C++17 Language Features

Template argument deduction for class templates

Automatic template argument deduction much like how it's done for functions, but now including class constructors.

template <typename T = float>
struct MyContainer {
  T val;
  MyContainer() : val() {}
  MyContainer(T val) : val(val) {}
  // ...
};
MyContainer c1{ 1 }; // OK MyContainer<int>
MyContainer c2; // OK MyContainer<float>

Declaring non-type template parameters with auto

Following the deduction rules of auto, while respecting the non-type template parameter list of allowable types[*], template arguments can be deduced from the types of its arguments:

// Explicitly pass type `int` as template argument.
auto seq = std::integer_sequence<int, 0, 1, 2>();
// Type is deduced to be `int`.
auto seq2 = my_integer_sequence<0, 1, 2>();

* - For example, you cannot use a double as a template parameter type, which also makes this an invalid deduction using auto.

Folding expressions

A fold expression performs a fold of a template parameter pack over a binary operator.

• An expression of the form (... op e) or (e op ...), where op is a fold-operator and e is an unexpanded parameter pack, are called unary folds.
• An expression of the form (e1 op1 ... op2 e2), where op1 and op2 are fold-operators, is called a binary fold. Either e1 or e2 are unexpanded parameter packs, but not both.

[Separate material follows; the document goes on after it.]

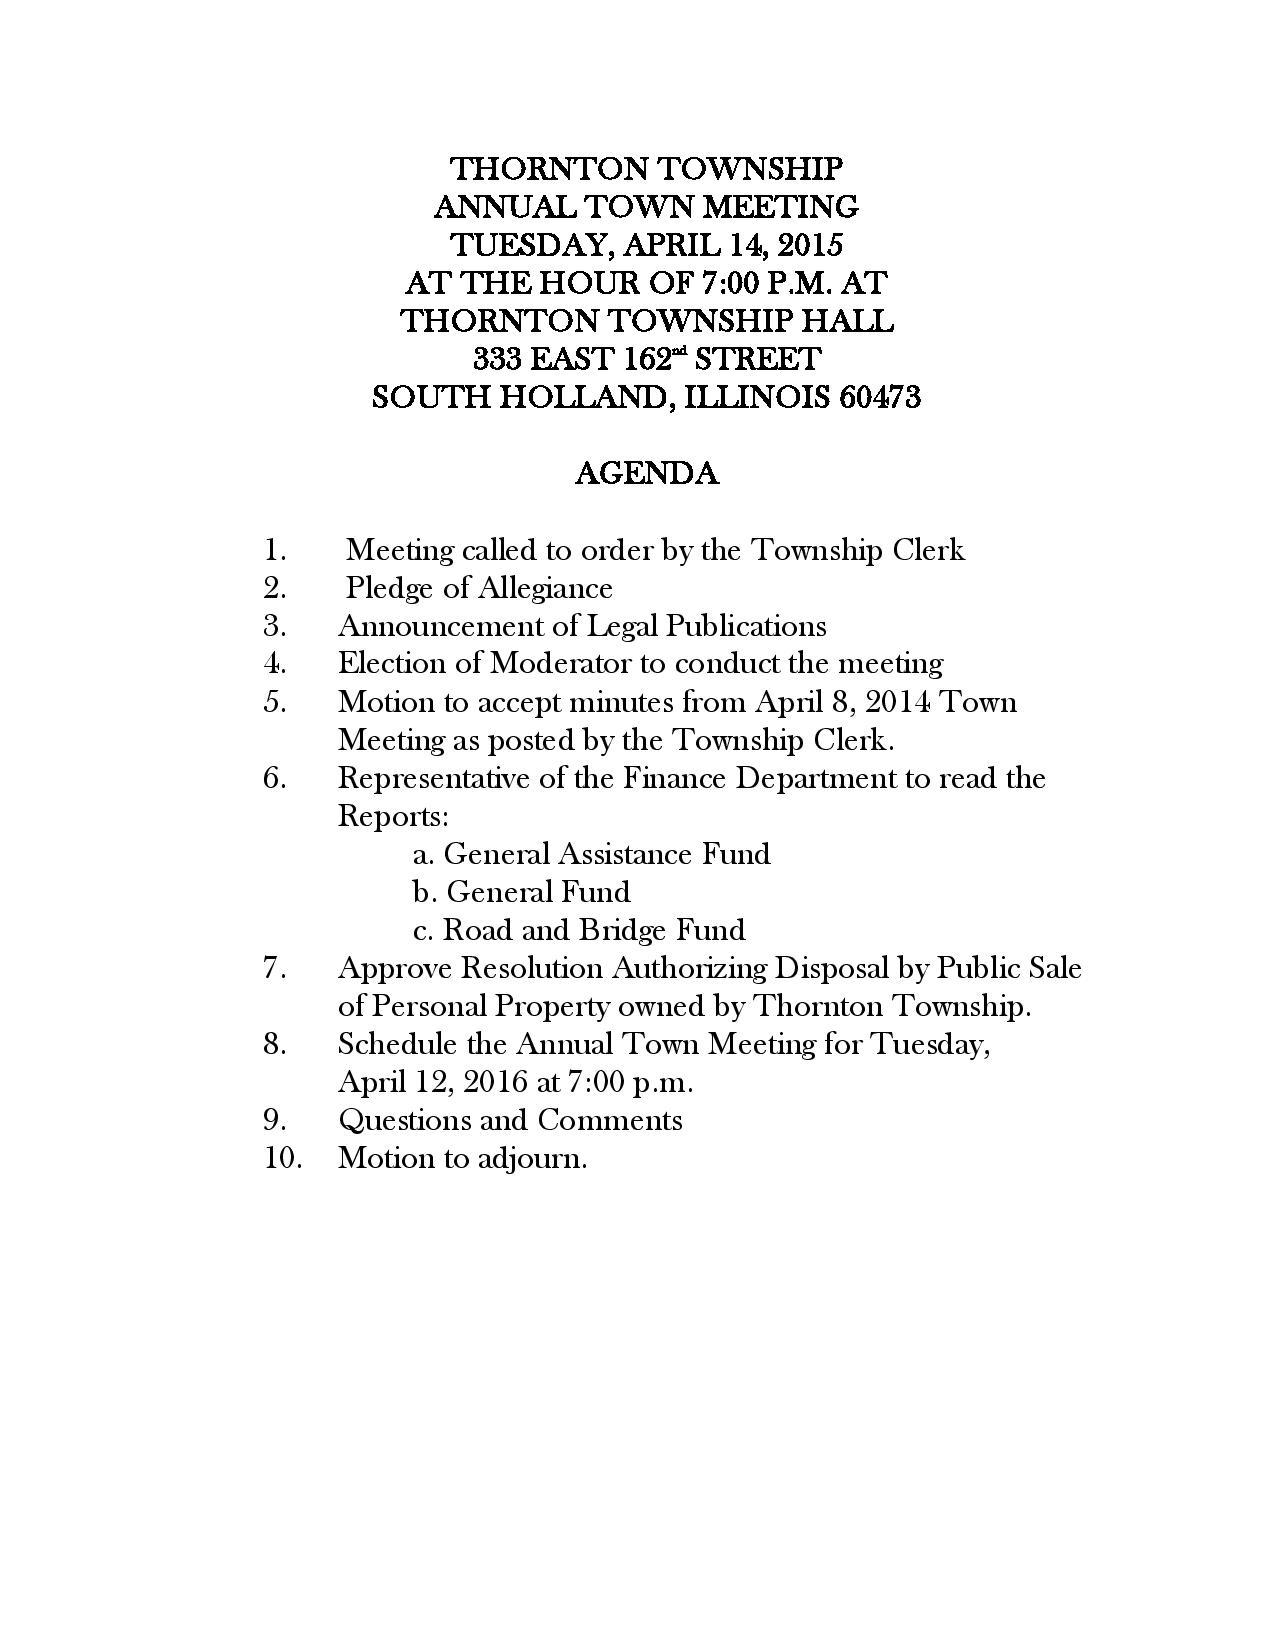 Thornton Township Annial Town Meeting - Tuesday, April 14th - Public Agenda-page-001

template<typename... Args>
bool logicalAnd(Args... args) {
    // Binary folding.
    return (true && ... && args);
}
bool b = true;
bool& b2 = b;
logicalAnd(b, b2, true); // == true

template<typename... Args>
auto sum(Args... args) {
    // Unary folding.
    return (... + args);
}
sum(1.0, 2.0f, 3); // == 6.0

New rules for auto deduction from braced-init-list

Changes to auto deduction when used with the uniform initialization syntax. Previously, auto x{ 3 }; deduces a std::initializer_list<int>, which now deduces to int.

auto x1{ 1, 2, 3 }; // error: not a single element
auto x2 = { 1, 2, 3 }; // decltype(x2) is std::initializer_list<int>
auto x3{ 3 }; // decltype(x3) is int
auto x4{ 3.0 }; // decltype(x4) is double

constexpr lambda

Compile-time lambdas using constexpr.

auto identity = [] (int n) constexpr { return n; };
static_assert(identity(123) == 123);

constexpr auto add = [] (int x, int y) {
  auto L = [=] { return x; };
  auto R = [=] { return y; };
  return [=] { return L() + R(); };
};

static_assert(add(1, 2)() == 3);

constexpr int addOne(int n) {
  return [n] { return n + 1; }();
}

static_assert(addOne(1) == 2);

Inline variables

The inline specifier can be applied to variables as well as to functions. A variable declared inline has the same semantics as a function declared inline.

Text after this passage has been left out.